Information shown START

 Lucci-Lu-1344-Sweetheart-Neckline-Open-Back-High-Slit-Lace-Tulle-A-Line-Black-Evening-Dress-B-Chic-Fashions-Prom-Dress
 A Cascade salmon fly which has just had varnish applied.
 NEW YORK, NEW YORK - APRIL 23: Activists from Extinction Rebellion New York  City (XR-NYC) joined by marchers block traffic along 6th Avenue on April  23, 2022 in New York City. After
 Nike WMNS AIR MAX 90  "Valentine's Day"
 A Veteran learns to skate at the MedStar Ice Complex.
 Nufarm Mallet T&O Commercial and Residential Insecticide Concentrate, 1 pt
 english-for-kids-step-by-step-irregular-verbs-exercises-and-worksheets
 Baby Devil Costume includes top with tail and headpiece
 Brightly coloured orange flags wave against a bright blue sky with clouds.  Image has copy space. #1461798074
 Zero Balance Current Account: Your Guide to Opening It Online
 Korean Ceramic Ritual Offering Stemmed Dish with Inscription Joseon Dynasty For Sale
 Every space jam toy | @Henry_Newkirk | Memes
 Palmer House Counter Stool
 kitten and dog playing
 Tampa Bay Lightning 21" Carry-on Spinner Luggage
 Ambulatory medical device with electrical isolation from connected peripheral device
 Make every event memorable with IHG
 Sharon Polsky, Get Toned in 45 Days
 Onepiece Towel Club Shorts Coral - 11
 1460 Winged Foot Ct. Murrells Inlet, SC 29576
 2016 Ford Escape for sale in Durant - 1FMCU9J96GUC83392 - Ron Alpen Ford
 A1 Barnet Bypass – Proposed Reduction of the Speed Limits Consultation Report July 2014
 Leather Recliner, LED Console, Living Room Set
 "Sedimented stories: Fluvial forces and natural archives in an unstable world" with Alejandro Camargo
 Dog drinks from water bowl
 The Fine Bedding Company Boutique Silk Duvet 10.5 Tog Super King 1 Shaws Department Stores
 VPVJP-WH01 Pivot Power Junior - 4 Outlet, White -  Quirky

Information shown END

• **Your task**: Retype the records above, but only those lines that fall between the line containing "Sharon Polsky, Get Toned in 45 Days" and the line containing "2016 Ford Escape", with both of those lines included, exactly as written.

• **Result of this task**:
 Sharon Polsky, Get Toned in 45 Days
 Onepiece Towel Club Shorts Coral - 11
 1460 Winged Foot Ct. Murrells Inlet, SC 29576
 2016 Ford Escape for sale in Durant - 1FMCU9J96GUC83392 - Ron Alpen Ford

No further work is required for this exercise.